Directed by Carey Perloff, Testament just opened at A.C.T. (American Conservatory Theater) in San Francisco. This one-woman play by Colm Tóibin, starring Canadian actress Seana McKenna, is set shortly after the crucifixion. The play depicts a grieving mother, beset by her son’s followers who have only temporarily stepped aside, all wanting her to hew to a particular vision of the story. During the course of the 90 minute play, we hear her side of the story. While it’s too early to tell, this work might be the most important thing to come out of the 2014-2015 season.
You can’t touch the Christ story without someone bristling as to sources, so we’ll get that out of the way. Testament uses material drawn from the synoptic gospels, but is also informed by work by Bart Ehrman and Reza Azlan, two scholars popular with academics and lay readers alike.
Ehrman writes about the dozens of gospels that didn’t make it into the New Testament. Azlan, working in a related area, frames the crucifixion both in light of contemporaneous Roman legal and penal practices, and with respect to the Jewish response to the Roman occupation. While Ehrman and Azlan approach the story from different angles, both look to the social world of greater Judea during the Roman occupation. Both emphasize that the choice of books making up the New Testament was driven by the socio-political needs of the early Christian community. Their observations are remarkably uncontroversial, at least with scholars in the field.

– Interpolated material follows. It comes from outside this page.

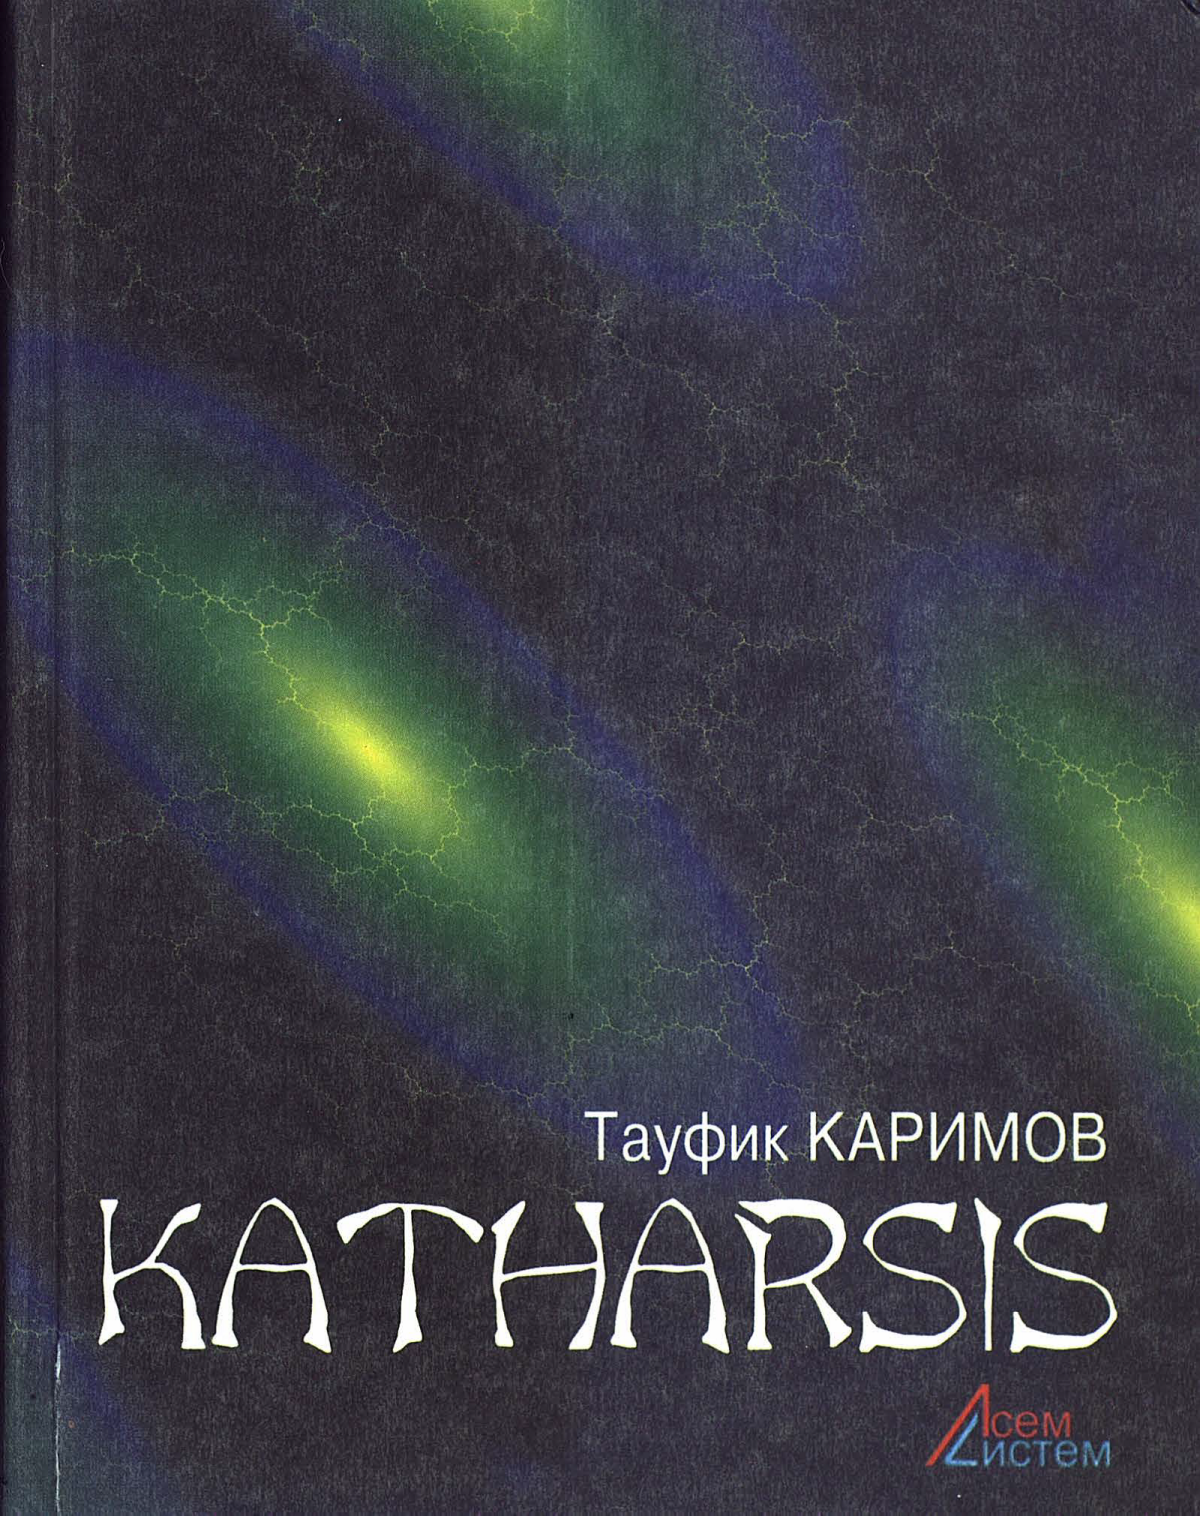 Katharsis

This history aside, Seana McKenna’s performance is so powerful that the play operates independently from its Christian story. The more ambiguous name “Woman” loosens the connection to the whole mother-of-god storu, making the play more of a small “c” catholic thing and less of a upper-case “C” one. McKenna gives us a Woman ferociously loyal to what she knows is true. Maintaining the integrity of her story keeps her very imperfect son alive for her. We immediately ache; our vision of our children is part of who we are. This is the story of Michelangelo’s Pieta. The singularity of her vision, constructed as much from moments spent watching her son and his father come home on Shabbat as it is from watching her son become a stranger surrounded by lunatics, is what she carries after his death. McKenna brings a luminosity to this role, with blue eyes flashing all the way up into the cheap seats.

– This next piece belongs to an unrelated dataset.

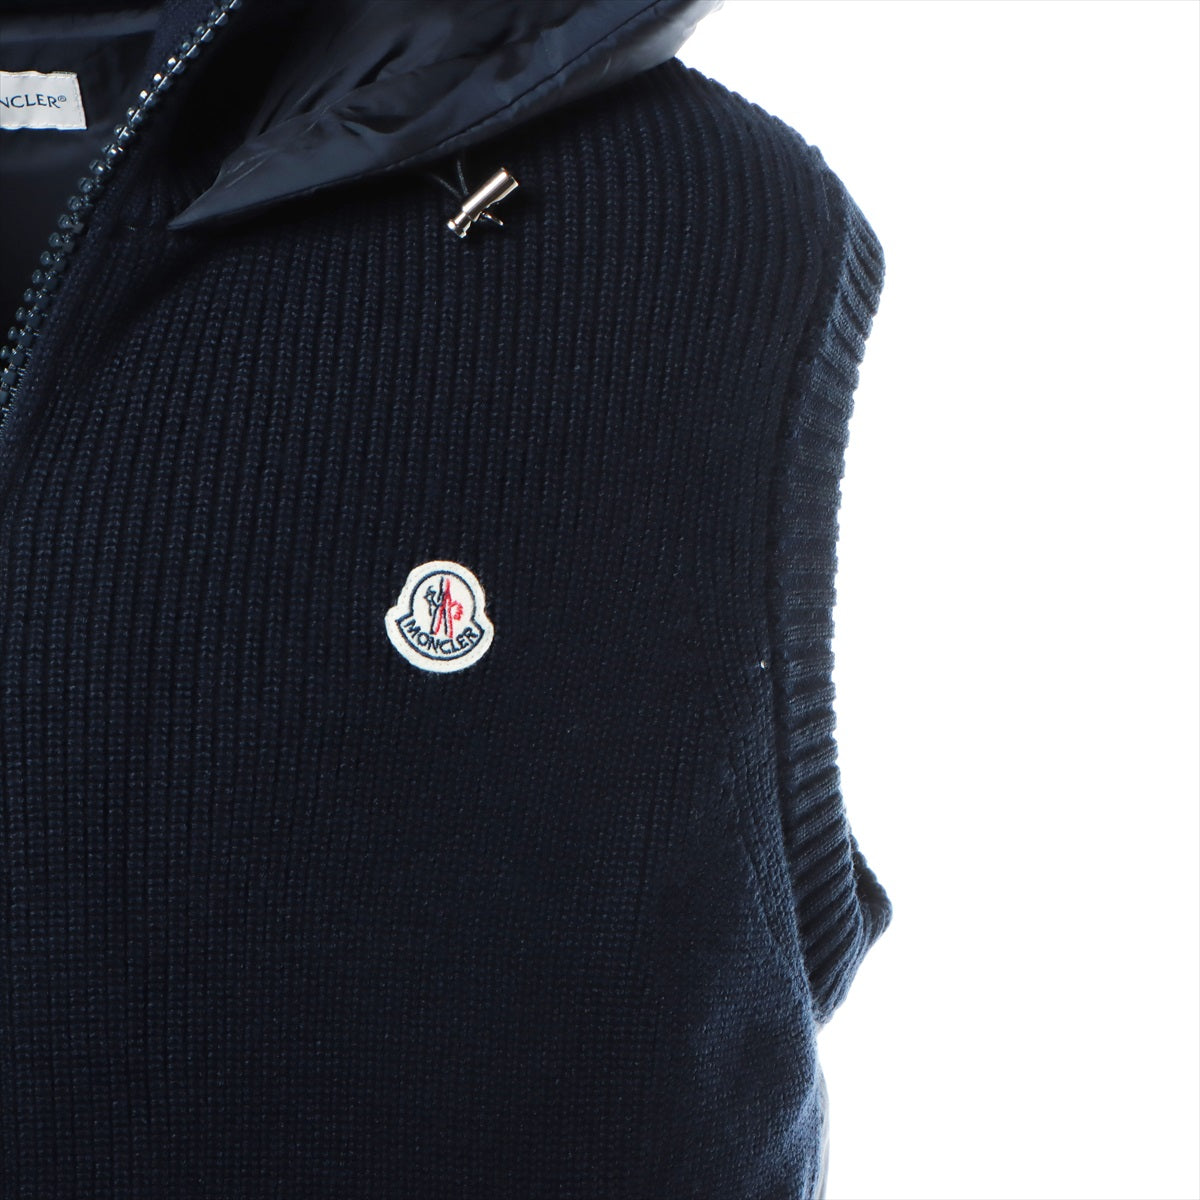 Moncler 16 years Wool & nylon Down vest XL Men's Navy blue  B20919413400 Switch knit

Colm Tóibin’s script is pure poetry. I was unfamiliar Tóibin, but if this work is representative, he has the spare economical prose of Marilynn Robinson. Woman struggles with “the new coins, the new words,” “the chair that belongs to memory.” Each phrase is balanced for heft and weight.
Alex Nichols’ set design with its blacks, whites, greys, and rebar frame has an intentionally cold feel. In addition to framing the action, it forces the audience to look to McKenna for all meaning, and focus on the precision of her phrases.
Nichols also created a lighting design that matches the subtlety of the sound design by Will McCandless. Nothing is overstated; nothing threatens to distract from the moment-to-moment intensity of McKenna’s performance. You’re only vaguely aware of the possibility of shadows playing against the back wall during the wedding in Cana scene, deepening imprecisely as the intensity of this pivotal scene builds, just as you can’t tell exactly when the vaguely musical passages begin or end.
Testament will be at the Geary until November 23rd – ending on the anniversary of Kennedy’s assassination.